Wednesday, March 2nd, 2016

At last night’s caucuses, local Republicans generally didn’t hold preference polls on the presidential race but there were exceptions, like Adams Country, a swing district that might possibly serve as a barometer of how Colorado would have gone on the red side.

Thanks to The Denver Post for reporting the GOP results from Adams County:

Even though the state Republican Party canceled the straw poll, Adams County officials decided to hold an “unofficial” count.

The precinct didn’t entertain speeches from the candidates’ supporters — “You know who the candidates are,” the organizer said. Instead, the neighbors wrote a last name on a pink slip and submitted it to the secretary.

The final vote count: Trump six, Cruz four, Rubio four and Carson one.

This is obviously only an anecdote, but it’s been hard to gauge Trump’s actual factual support in Colorado, because so few party leaders have endorsed him–or repudiated him.

On the favorable side for the reality-show star, other than caucus-goers in Adams Country, the closest thing we have to official Trump support is State Sen.
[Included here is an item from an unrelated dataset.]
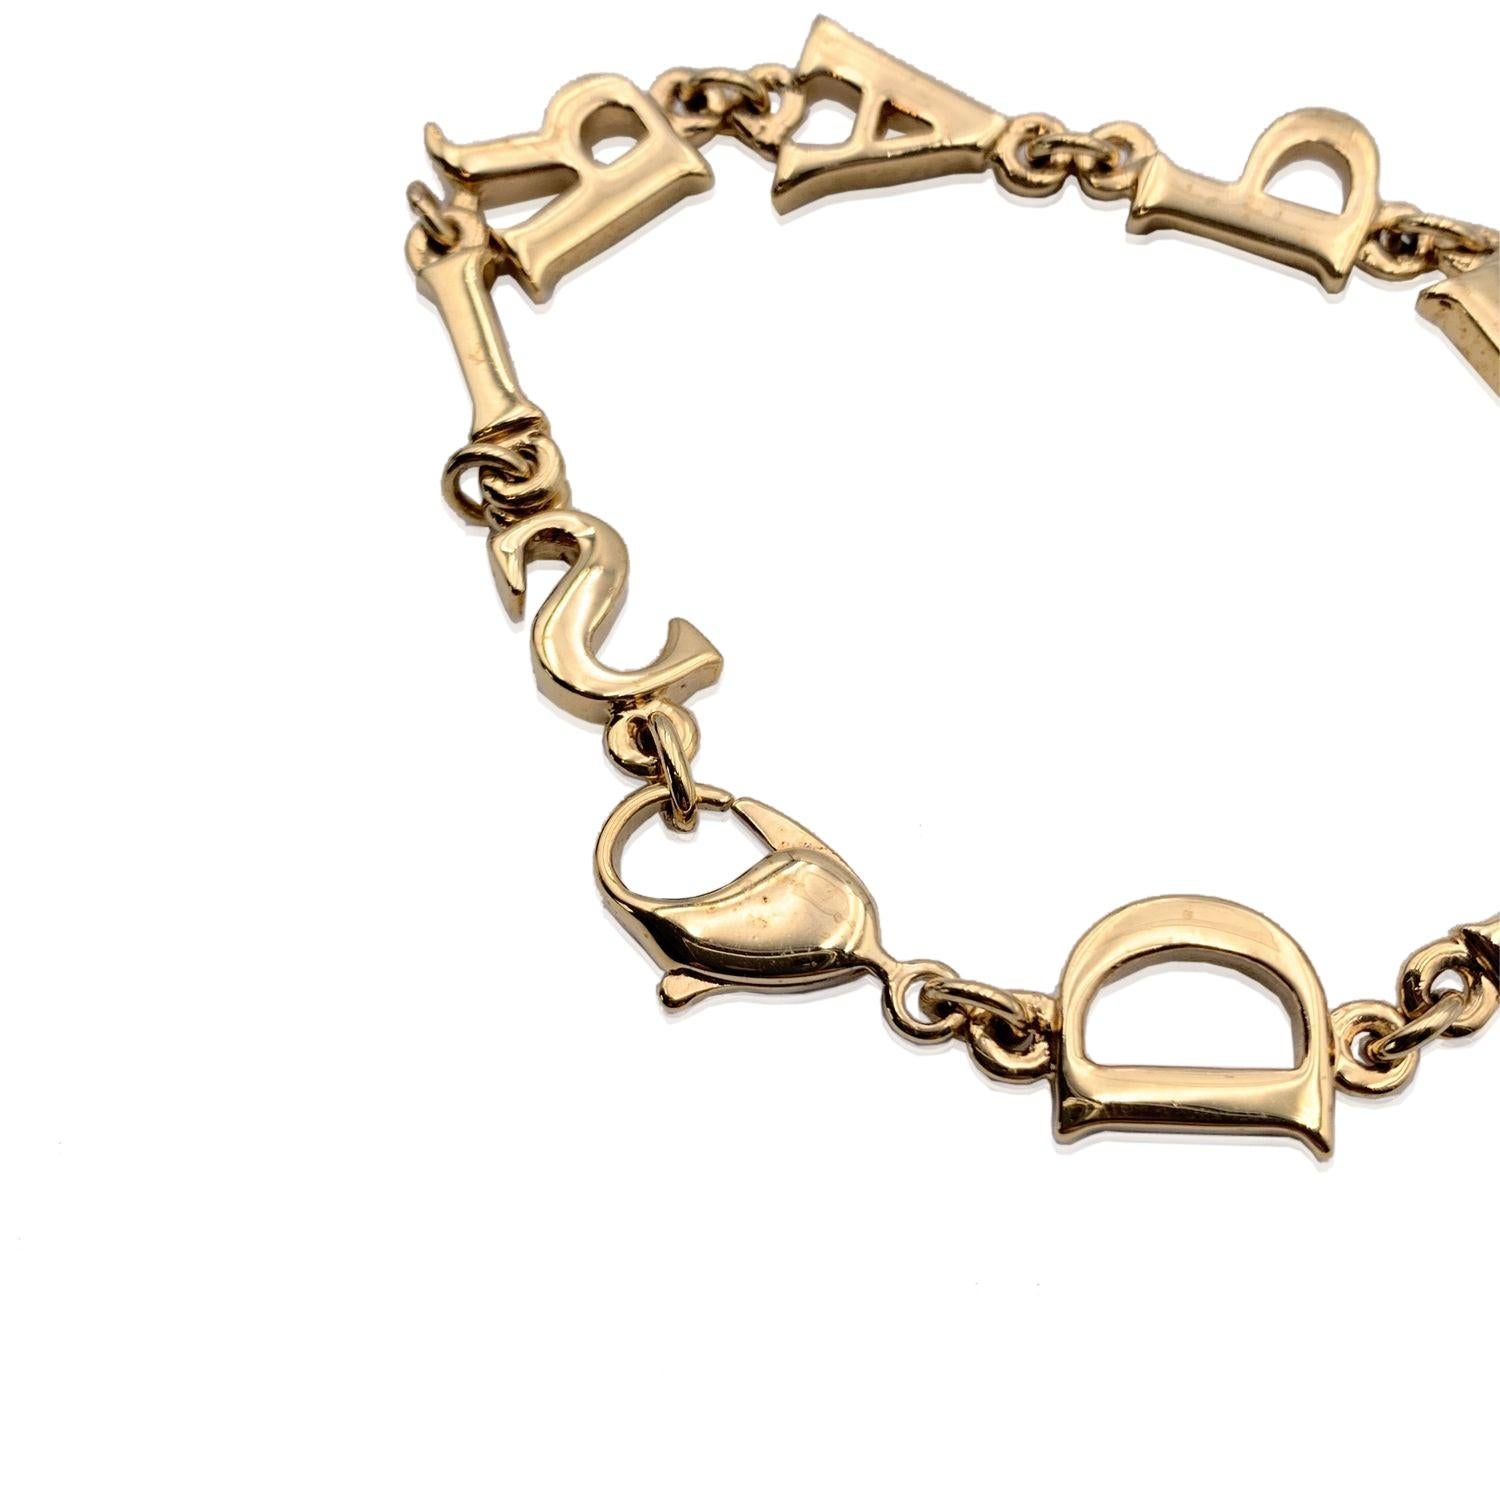 Gold plated metal articulated vintage bracelet by CHRISTIAN DIOR. 'D.I.O.R. P.A.R.I.S' letters initials links. Lobster closure. Internal circumference: 7 inches - 17.8 cm. Condition A - EXCELLENT Gently used. Please check pictures carefully and ask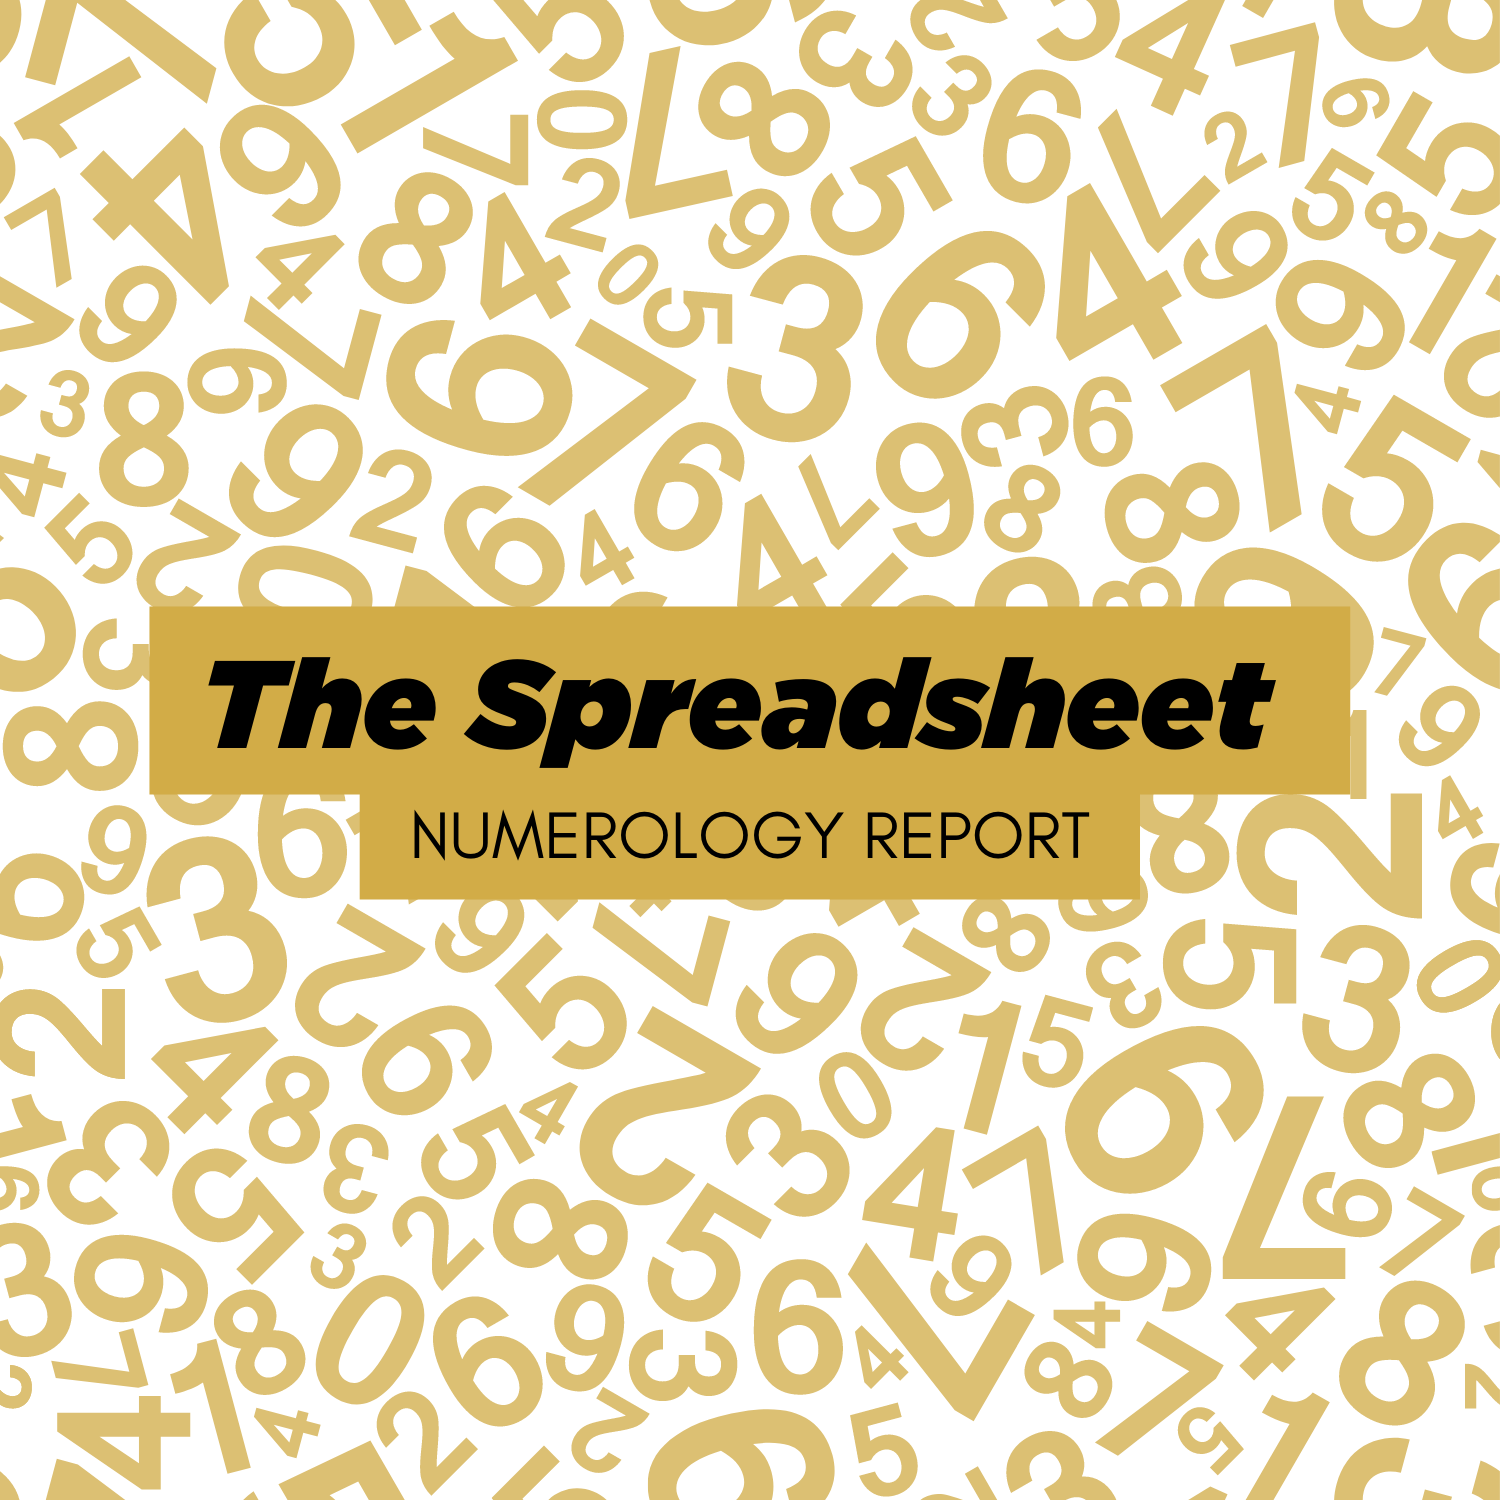 The Spreadsheet | Numerology Report

Laura Woods, who’s said Trump is one of her two favorite candidates but then endorsed Cruz. Plus, vocalists on conservative talk radio, like KNUS 710-AM’s Peter Boyles, have endorsed him.

The GOP Trump haters are also largely in the closet–with exceptions.  In a beautifully written editorial today, titled Donald Trump’s Victories Point to GOP Crisis, The Denver Post reminds us that Sen. Cory Gardner called Trump a “buffoon” last year, and Rep. Ken Buck was more generous, calling him a “fraud.”

“Surely they wouldn’t support a buffoon or fraud if he’s nominated,” The Post opined. “If not, they should say so now.”

Yet, for the most part, Colorado Republicans have been silent on Trump, perhaps agreeing with Rep. Mike Coffman who said Trump “is not going to be the nominee.”

Surely, Coffman doesn’t think that now. But what do he and his fellow Republicans think of Trump and, by extension, the folks in Adams County who are backing him?

CO Republicans will back Trump but still aren’t endorsing him

Tuesday, March 1st, 2016

I’ve been searching for a Colorado Republican candidate or elected official who’s endorsed billionaire Donald Trump.

I thought I found my guy in Gerald Eller, a Colorado native and disabled Army veteran, who’s one of the dozen or so Republicans seeking to unseat Democratic U.S. Sen. Michael Bennet.

I noticed Eller liked a “Donald Trump Supporters” page on Facebook.

But he told me he’s not endorsed Trump.

“I support all of them,” said Eller, when asked about Trump. “I like all the Republican presidential candidates, even the ones who aren’t running anymore.”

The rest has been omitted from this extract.